La resolución de problemas en la infancia es una habilidad compleja que integra procesos cognitivos, emocionales y sociales. No se trata únicamente de encontrar una solución, sino de atravesar un proceso que incluye:
- Identificar el problema.
- Comprender la situación.
- Generar alternativas.
- Evaluar consecuencias.
- Tomar decisiones.
Según D’Zurilla y Goldfried (1971), la resolución de problemas es un proceso cognitivo-afectivo que permite enfrentar situaciones de la vida diaria de manera adaptativa.

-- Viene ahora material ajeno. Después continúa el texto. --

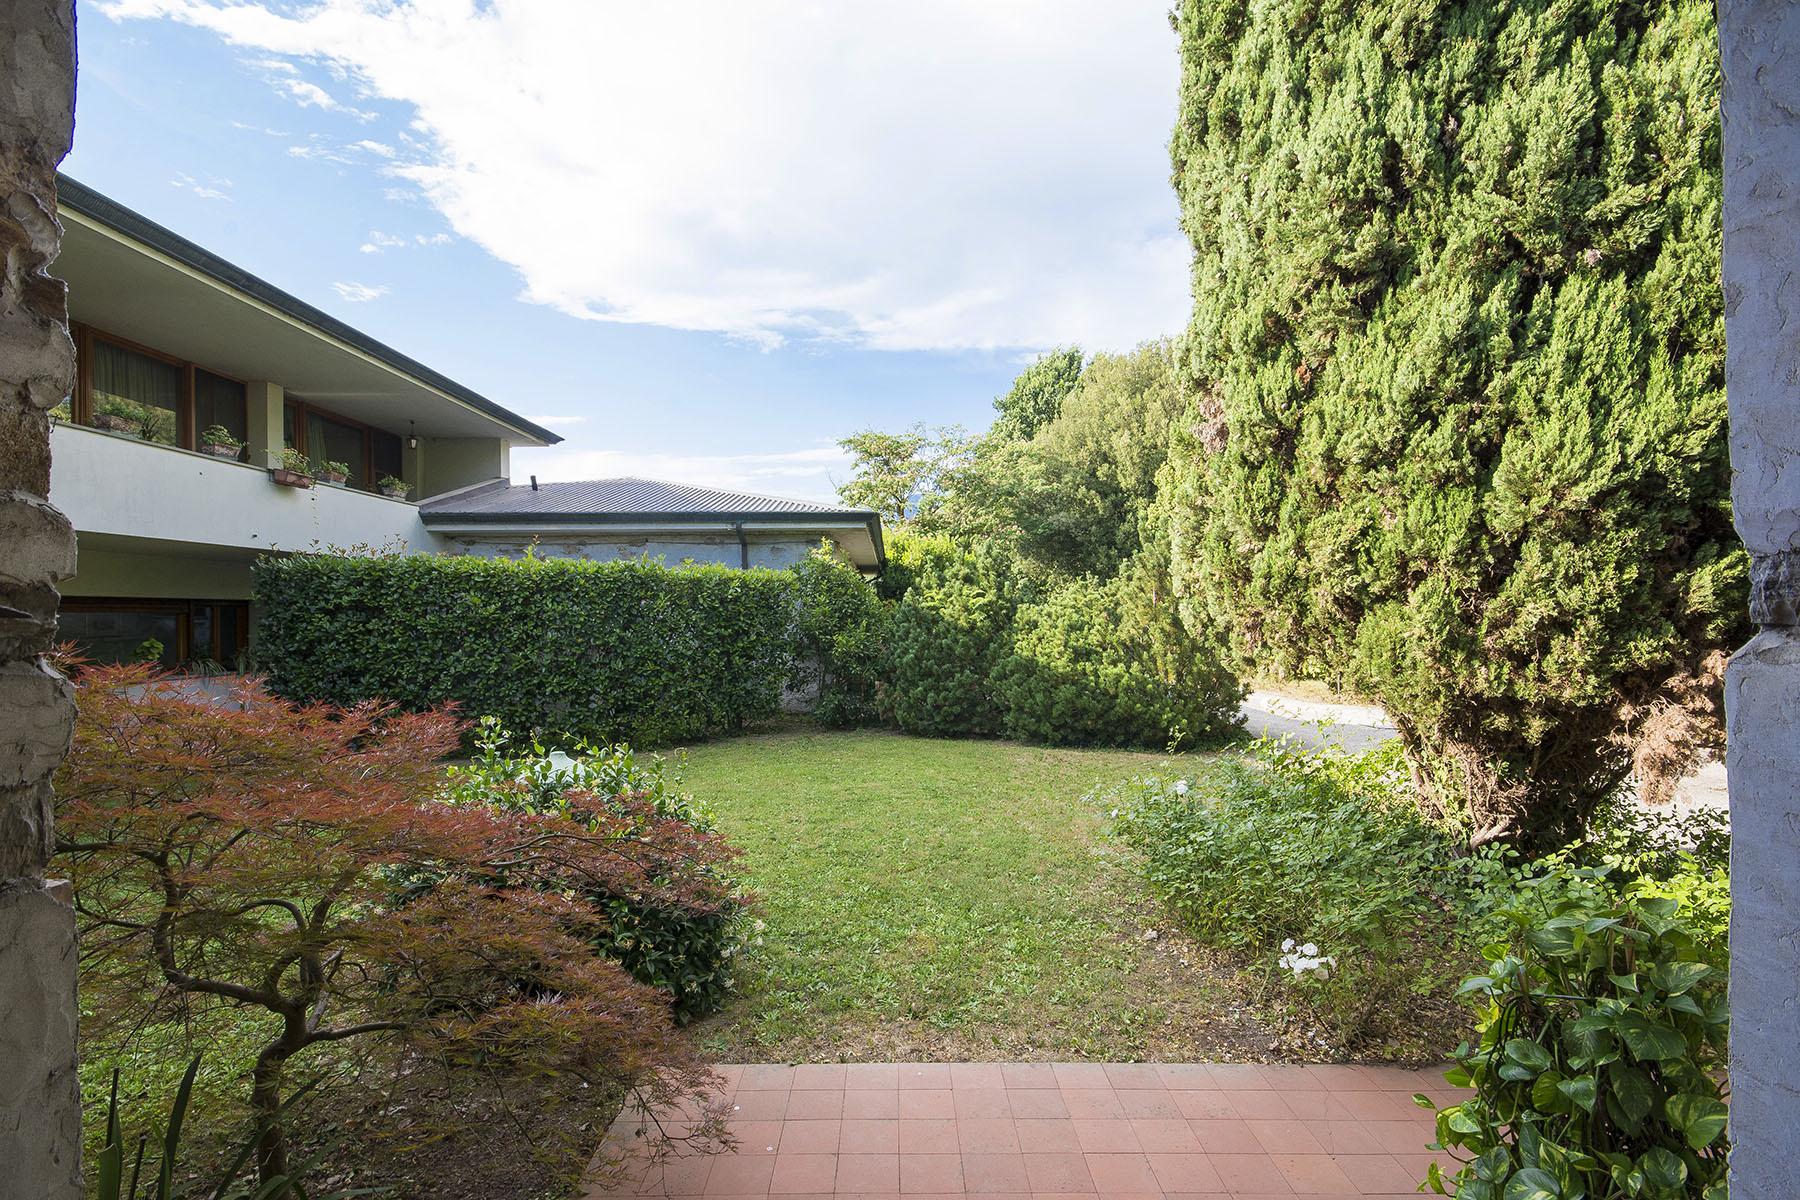 Villa in Vendita a Capannori: 5 locali, 500 mq - Foto 21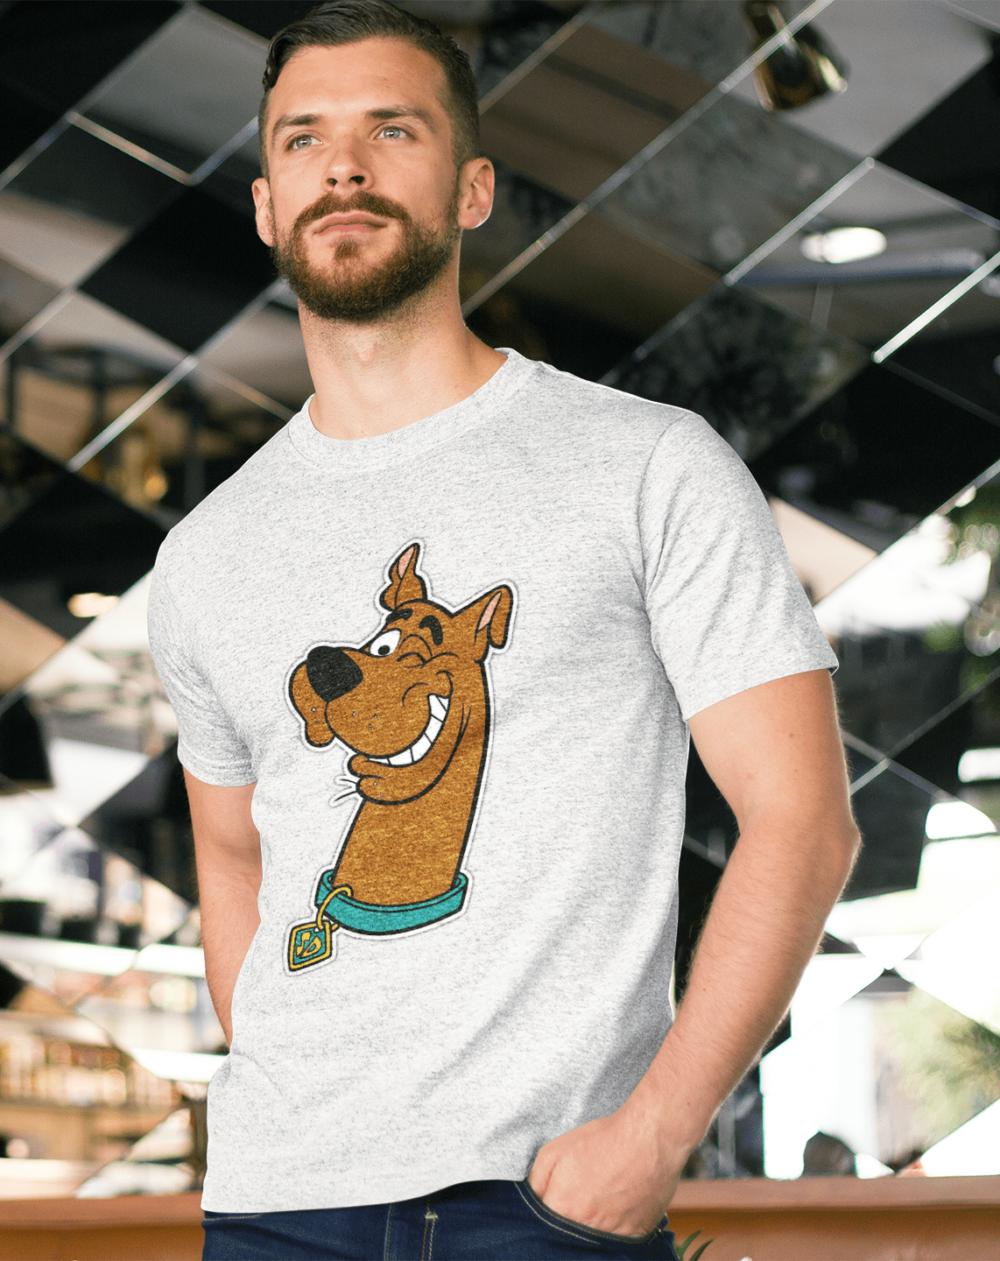 Scooby Doo white Melange T-shirt

En los niños, esta habilidad está en desarrollo. Su pensamiento aún es concreto y su regulación emocional limitada, por lo que requieren guía y acompañamiento.
Desde la teoría de Piaget (1952), sabemos que el pensamiento infantil evoluciona progresivamente, lo que implica que la forma en que un niño resuelve problemas depende de su etapa de desarrollo. Por ello, enseñar esta habilidad implica ajustar las expectativas y ofrecer apoyo acorde a su edad.

¿Por qué es importante enseñar a resolver problemas desde pequeños?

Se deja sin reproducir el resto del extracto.